_Data shown_:
- - - - -
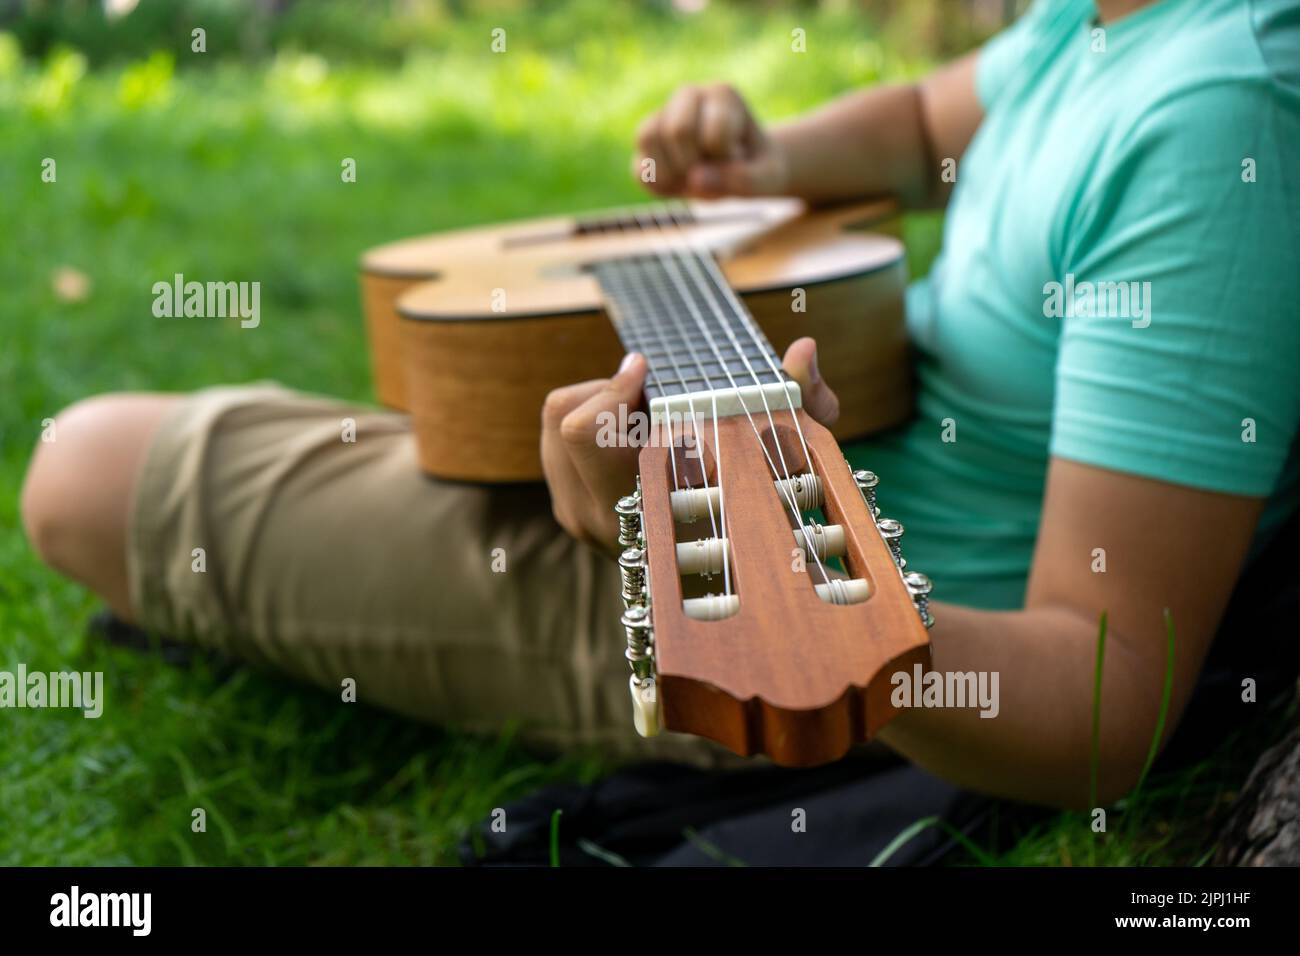 Boy with wooden guitar on green grass. Focus on the fretboard Stock Photo
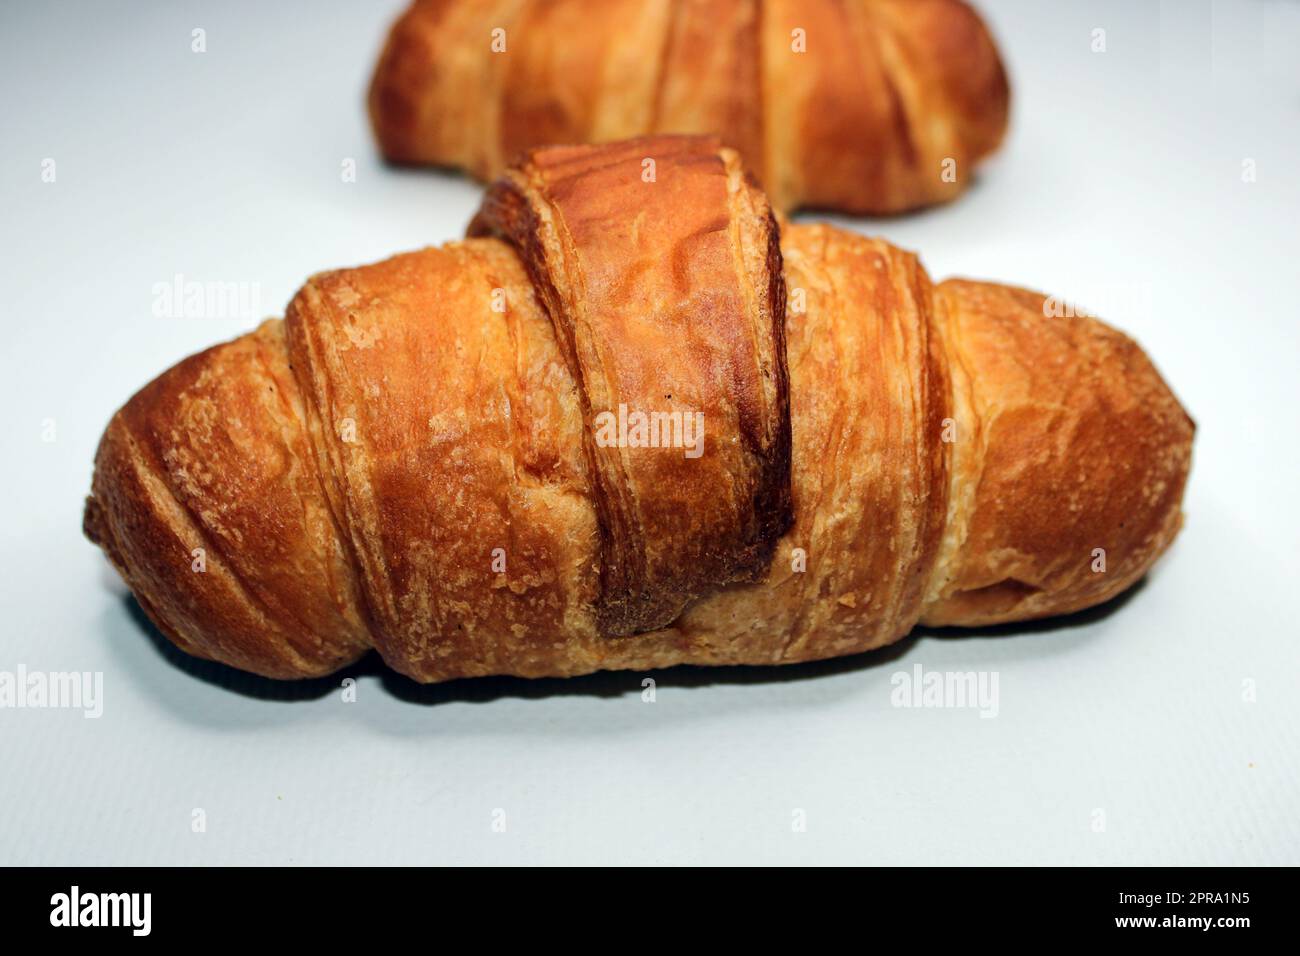 Fresh crispy croissant close-up on a light background. Blurred croissant in the background. Cooking, home baking Stock Photo
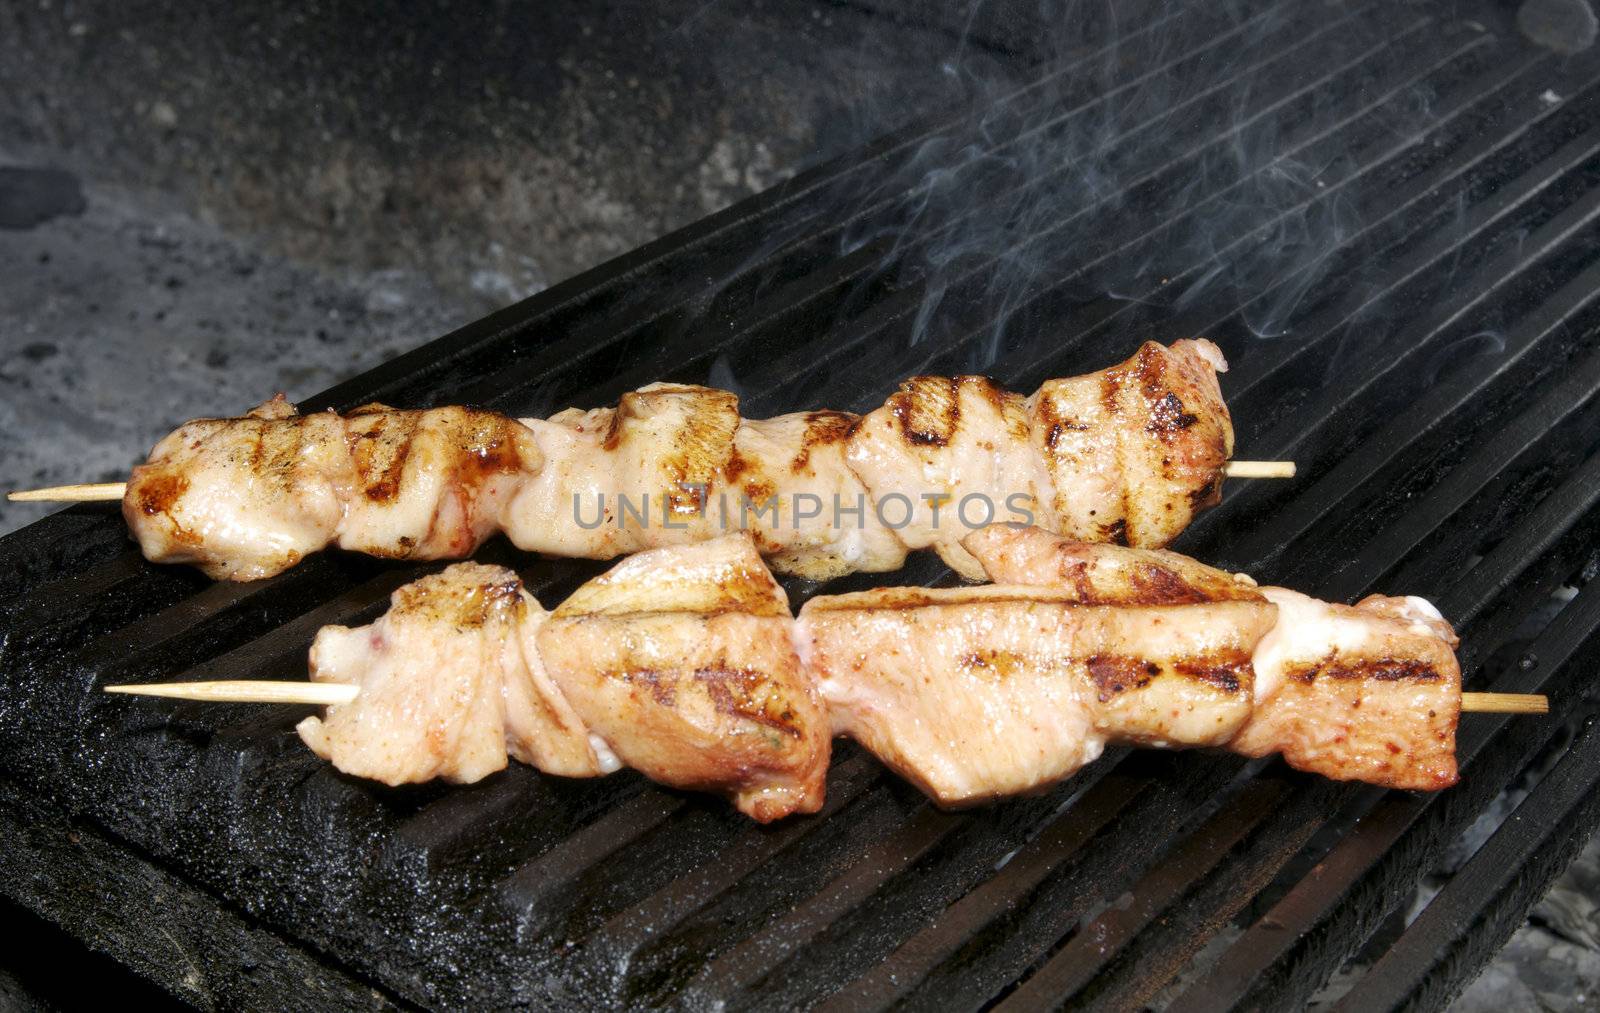 Chicken kebabs on the grill by Lester120
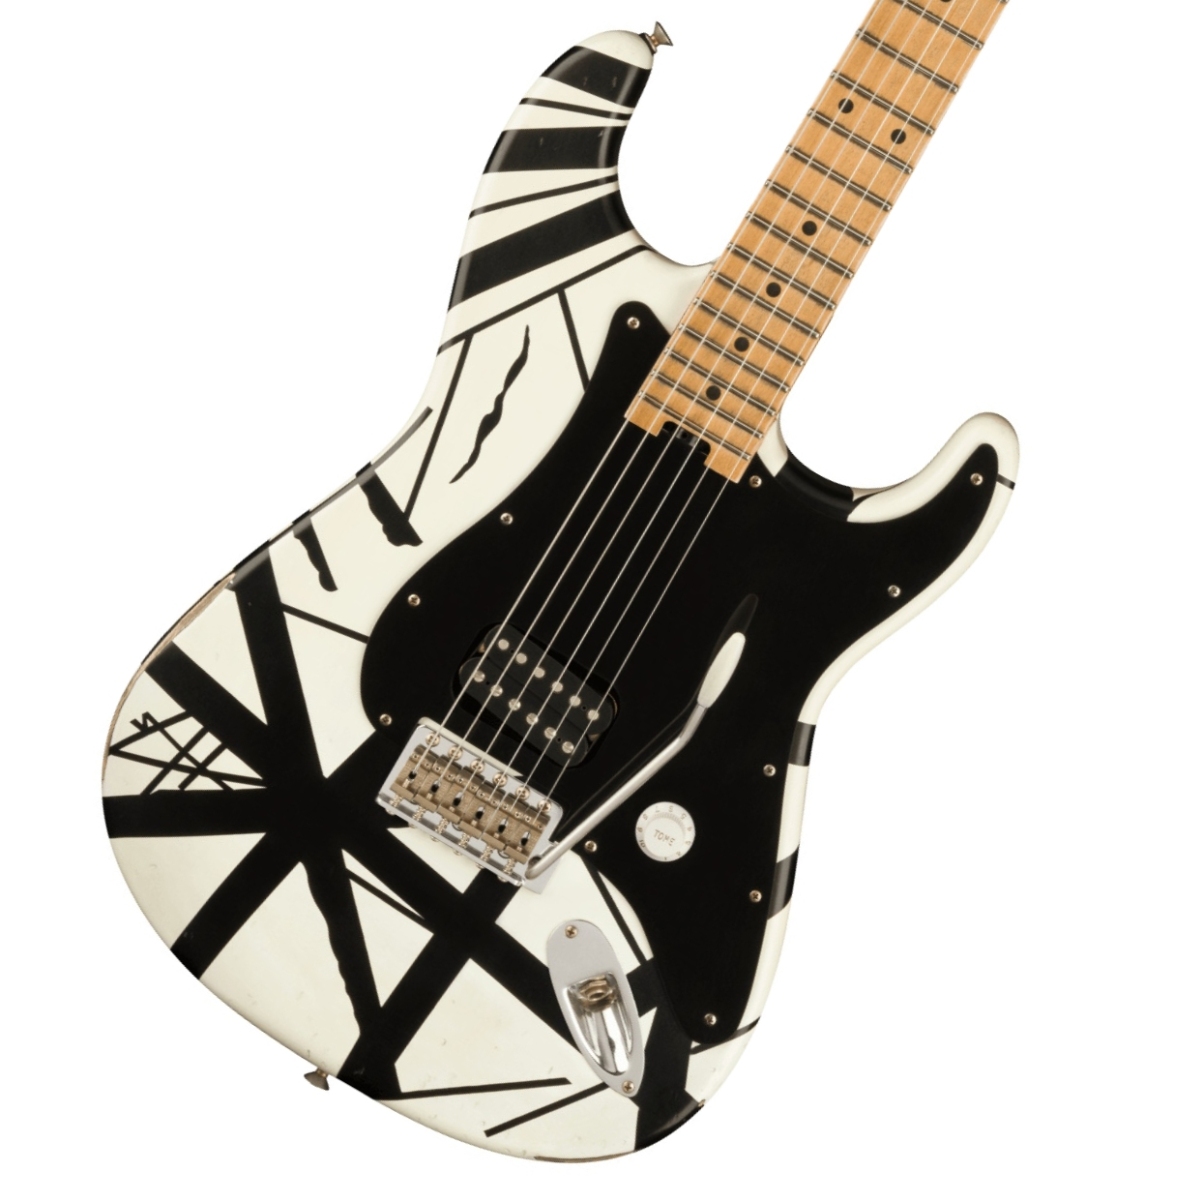 Fingerboard　Black　Series　Eruption　WEBSHOPクリアランスセール》EVH　イシバシ楽器　Maple　イーブイエイチ　White　Striped　Stripes　Relic　'78　with
- - - - -
_How to complete this task_:
Copy the whole of the material above exactly, but not its images.

_Expected answer_:
 Boy with wooden guitar on green grass. Focus on the fretboard Stock Photo
 Fresh crispy croissant close-up on a light background. Blurred croissant in the background. Cooking, home baking Stock Photo
 Chicken kebabs on the grill by Lester120
 Fingerboard　Black　Series　Eruption　WEBSHOPクリアランスセール》EVH　イシバシ楽器　Maple　イーブイエイチ　White　Striped　Stripes　Relic　'78　with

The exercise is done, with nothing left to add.